# Magical Atmosphere Music



## schuberkovich (Apr 7, 2013)

A recent post on current listening reminded me of a piece which I used to adore - the ballet suite from "The Perfect Fool" by Holst and listening to it again, I was blown away. 
My favourite part is called "Dance of Spirits of Water" and I was struck by how magical the music is - it instantly conjured up images of swamps, nymphs, fairies etc.




Does anyone know of any similar music?


----------



## ahammel (Oct 10, 2012)

Well, it's modal. It reminds me a bit of the passacaglia from Ravel's piano trio. For magical atmophere in general, maybe the _Prelude de l'apres-midi d'un faun_, or _Daphnis et Chloé_ (the actual afternoon of a faun).
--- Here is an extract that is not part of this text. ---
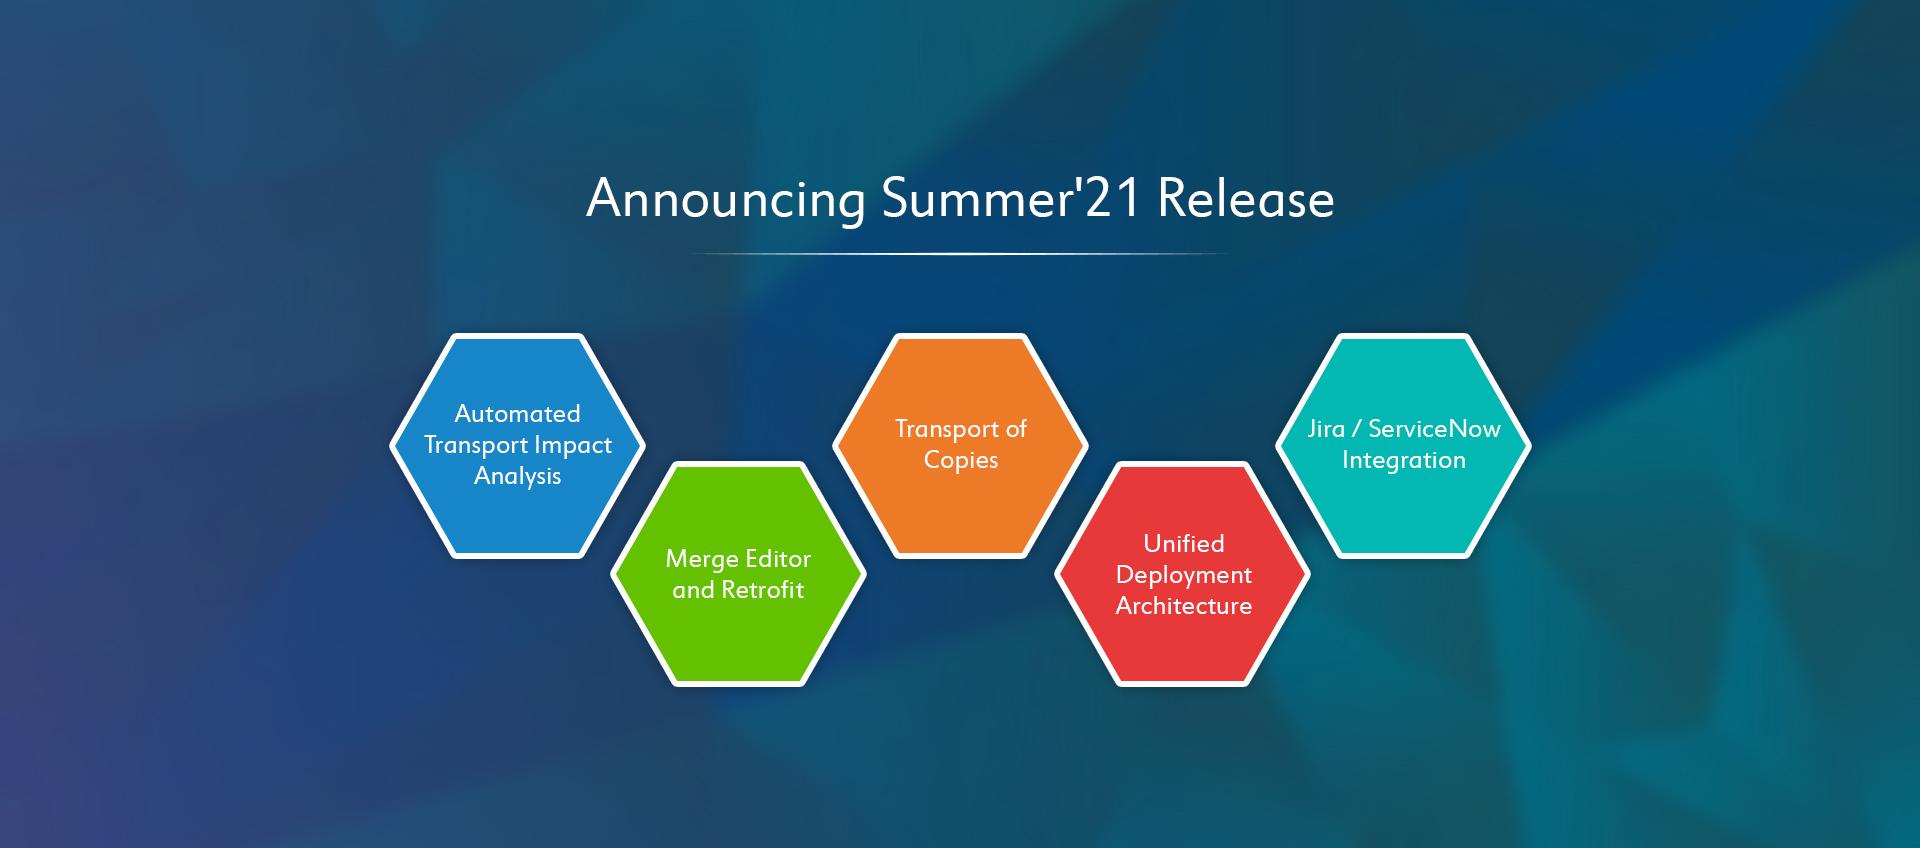 Announcing Summer'21 Release

The Magic Fire Music from various bits of the _Ring_ cycle is some slightly more literal "magical atmosphere music".


----------



## brianvds (May 1, 2013)

Very magical indeed. I have never heard of this before, so thanks for sharing!

I agree with ahammel about Afternoon of a faun: also magical, as is Debussy's "Reflection on the water." He was very much the master of magic. 

I discovered Bartok when I was in my teens, and I remember lying awake late at night, listening to the second movement from his second piano concerto while looking out the window at the stars, completely enraptured. Same thing happens with some of his other bits of "night music." 

I think that at least for western ears, music that has a certain exotic quality has magic to it, hence our infatuation with modal music, and some kinds of Russian music (composers like Borodin, Rimsky-Korsakov and Khatchaturian also sometimes do it for me in a big way).

More humbly, I have a beautiful piece on CD, a concerto for recorder titled "Moonchild's Dream," by Thomas Koppel. Very magical!

And closer to the world of popular music, I very much like some of the work of Vangelis (yes, I know: now no one will take me seriously anymore). Particularly one of his more obscure CDs, titled "Soil Festivities." 

Speaking of modal music, I am a great fan of much of medieval music. Especially the less well known folk and dance music of the time.


----------



## Norse (May 10, 2010)




----------



## Ingélou (Feb 10, 2013)

This is a video I used when playing this piece on my violin. Both Gluck's melody & the Lake District scenery I find magical.


----------



## Norse (May 10, 2010)

The first of Tveitt's Hardanger Tunes, op.151


----------



## PetrB (Feb 28, 2012)

For literal illustrative / evocative, try Wagner's Forest Murmurs, an interlude from the opera Siegfried.





Ravel ~ The outdoors forest scene in L'enfant et les Sortileges





In a very different and less literal vein:
Charles Ives:
The Unanswered Question




The Pond


----------



## DrKilroy (Sep 29, 2012)

I guess that Sorcerer's Apprentice doesn't count? 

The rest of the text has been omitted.